»Der Buchhändler«: über eine Gemeinschaft, in der die Angst die Macht übernimmt
Mit „Der Buchhändler“ haben Sie eine ungewöhnliche Figur in den Mittelpunkt Ihres Romans gestellt. Wie sah die erste Idee zu dieser Figur aus? Woher kam der Anstoß, über eben diesen Buchhändler zu schreiben?
Das ist eine gute Frage und ich würde gerne ausführlich erzählen, woher die Buchidee kam, doch dann müsste ich zu viel über die Geschichte verraten. Daher hier nur so viel: Ich habe vor einigen Jahren einen Zeitungsartikel zu einem bestimmten Tabuthema gelesen. Das Thema hat mich sehr fasziniert und berührt. Ich habe es lange mit mir herumgetragen, bis ich eine geeignete Form gefunden habe, darüber zu schreiben.
Sie erzählen ungewöhnliche Geschichten und schrecken auch vor brisanten Themen nicht zurück - woher nehmen Sie die Themen und wie recherchieren Sie dazu?
Die Ideen für die Themen kommen von überall her. Aus Zeitungsartikeln, aber auch aus persönlichen Erlebnissen oder Fragen, die ich mir selbst stelle. Einer meiner Kriminalromane handelt von der Frage, ob Frauen Kinder möchten und falls ja, wie weit sie dafür zu gehen bereit sind. Eine Frage, die sich wohl jede Frau einmal stellt. Zur Recherche nutze ich die üblichen Quellen: Internet, Fachbücher, Interviews mit Experten oder Betroffenen.
Ihre Romane sind ja keine klassischen Ermittlerromane in dem Sinne, dass ein Polizist oder Detektiv ganz im Mittelpunkt steht – trotzdem die Frage: Wie wichtig ist die Schilderung der Polizeiarbeit für Ihre Romane?

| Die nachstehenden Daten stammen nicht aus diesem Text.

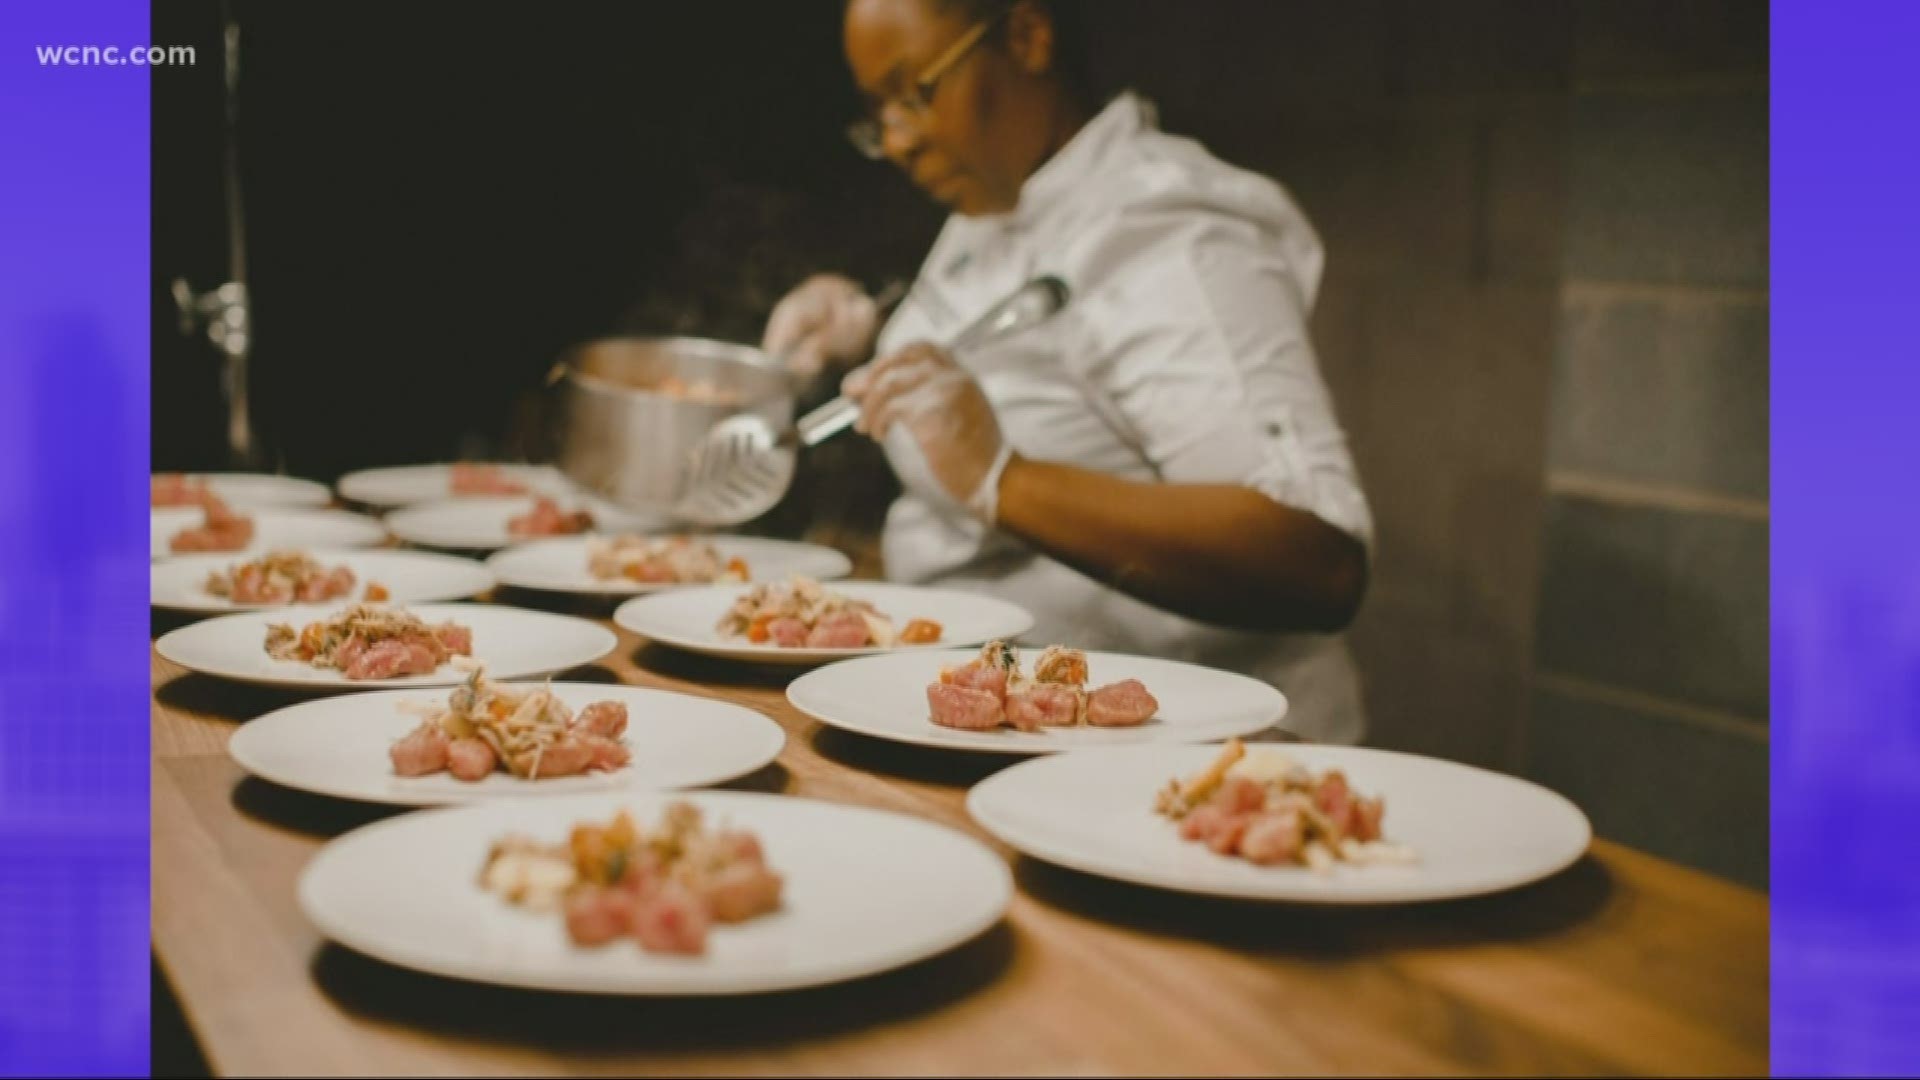 A unique dining experience in Charlotte that allows well-known chefs and artists to collaborate for an unforgettable night.

Ich selbst finde Ermittlungsarbeit sehr spannend. Ich liebe den Whodunnit-Anteil von Krimis, die Auswertung von Spuren, die Zeugenbefragungen, aus denen sich Stück für Stück ein Bild des Geschehens zusammensetzt. Andererseits interessiere ich mich auch für die psychologischen Auswirkungen der Ereignisse auf die Beteiligten. Deshalb teilen sich meine Romane meist in zwei Stränge, einer beschreibt die Ermittlungen aus Sicht der Polizei, der andere beschreibt das Geschehen aus Sicht einer persönlich betroffenen Person. Letztere Schilderungen sind oft sehr emotional, was ich bei Krimis manchmal vermisse. Ein Mensch wird ermordet oder ein Kind verschwindet – dies sind Ereignisse mit hoher emotionaler Durchschlagskraft. Ich finde es seltsam, wenn über die Gefühle der Beteiligten hinweggeschrieben wird.
Eine Frage zur Arbeitsweise: Steht am Anfang ein Exposé, nach dem Sie Ihre Romane entwerfen? Oder entwickelt sich vieles noch im Schreibprozess?

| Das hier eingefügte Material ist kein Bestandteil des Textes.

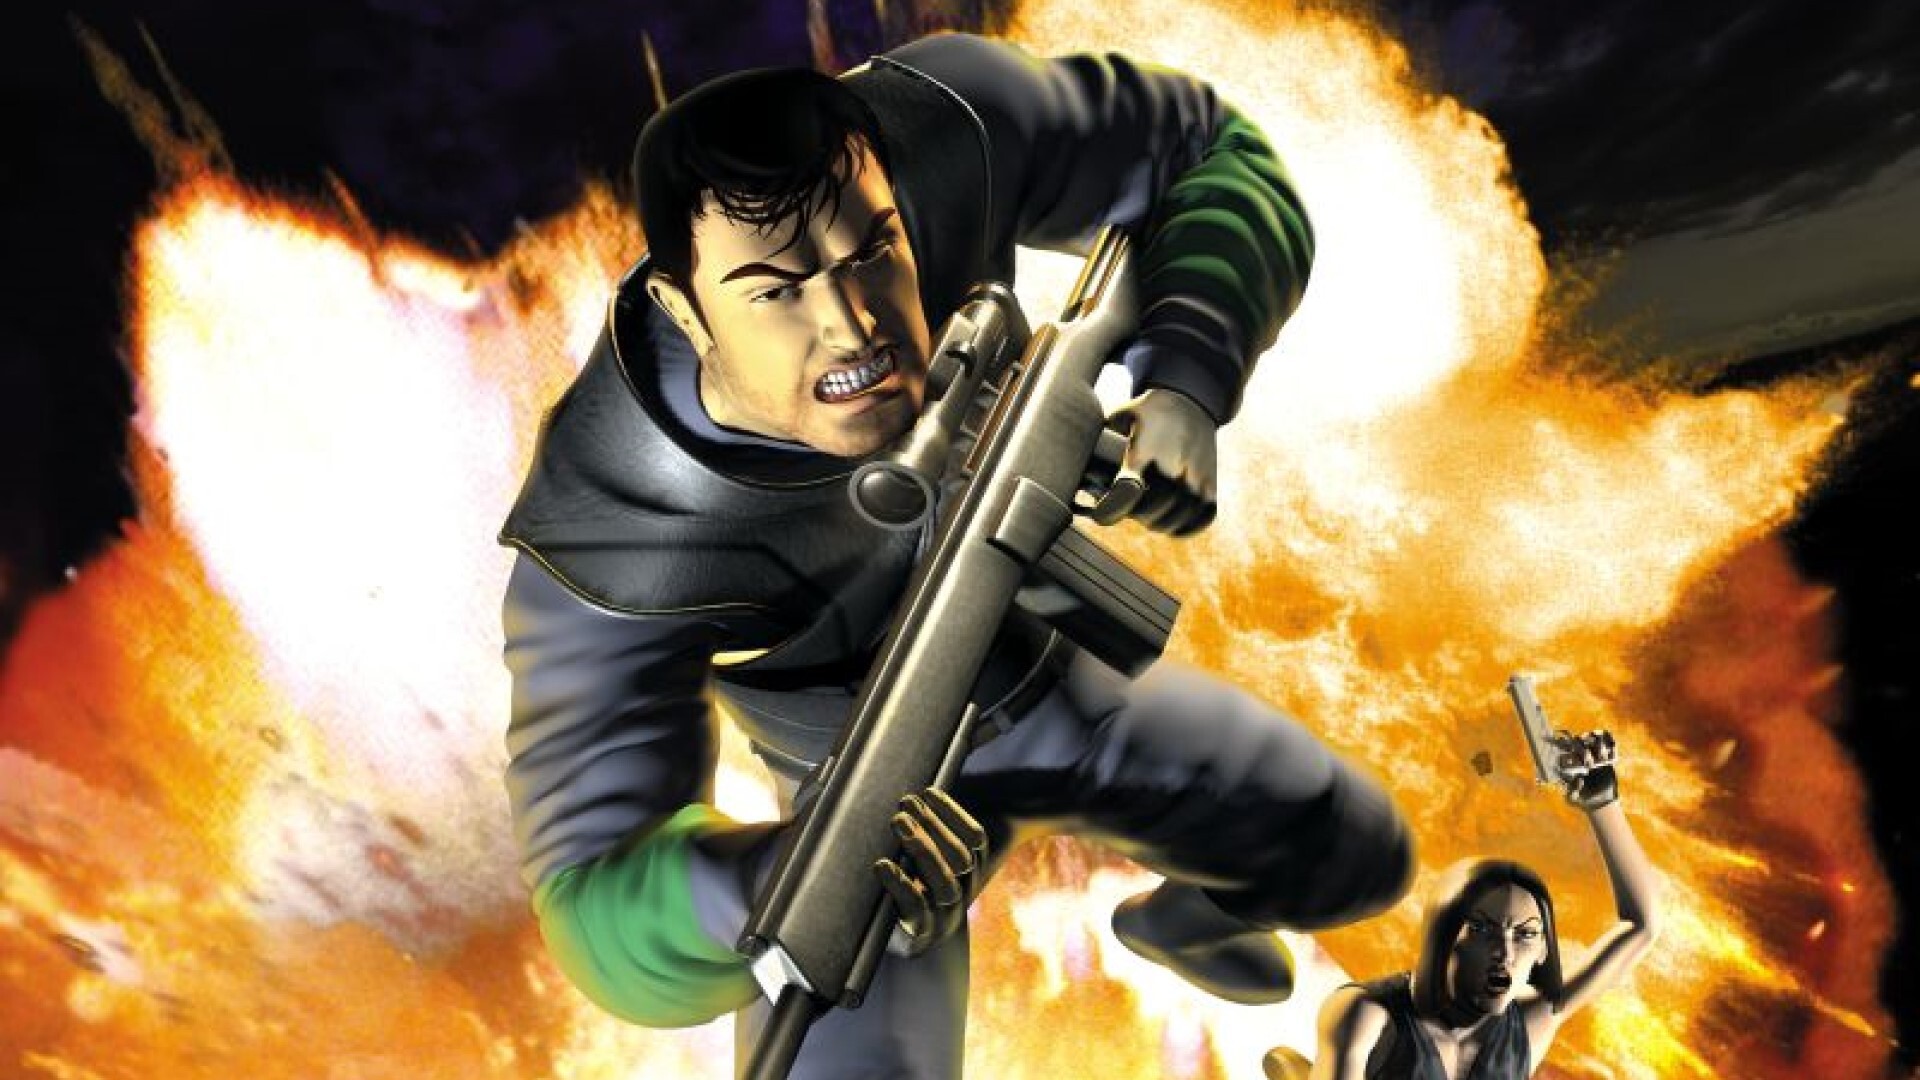 Syphon Filter 3 And Ghost Trick Have Been Rated in Korea - GameSpot

Teils, teils. Ich beginne immer mit einer Idee. Das kann das Thema sein, über das ich schreiben möchte oder auch eine bestimmte Ausgangssituation. Zum Beispiel: Zwei Frauen begegnen sich am Strand, freunden sich an, dann verschwindet die eine plötzlich wieder aus dem Leben der anderen. Mit dieser Grundidee spiele ich dann eine ganze Weile, lote ihre Möglichkeiten aus, frage mich, was ich alles benötige, um sie zu realisieren, entdecke Figuren, die zu dieser Idee passen. Die Figuren wiederum beeinflussen den Plot. Das ist der kreativste Teil meiner Arbeit, der mir am meisten Spaß macht. Am Ende dieser Phase habe ich einen Stufenplan, eine grobe Übersicht über die Szenen des Romans bis hin zum Finale und eine Analyse der wichtigsten Charaktere. Beim eigentlichen Schreiben stütze ich mich dann auf diese Vorarbeiten. Ich sehe sie allerdings nicht als Korsett, das mich einengt, sondern als Skelett, an dem ich mich entlanghangeln kann. Wenn ich beim Schreiben bemerke, dass Ideen nicht funktionieren, tausche ich sie aus. Und wenn mir geniale Einfälle kommen, die ich unbedingt einbauen möchte, suche ich mir einen Platz dafür.
Wie sieht Ihr Schreiballtag aus? Haben Sie feste Zeiten, um zu schreiben?
Ja. Ohne Schreibstruktur würde ich niemals ein Buch beenden, denn es ist für mich harte Arbeit.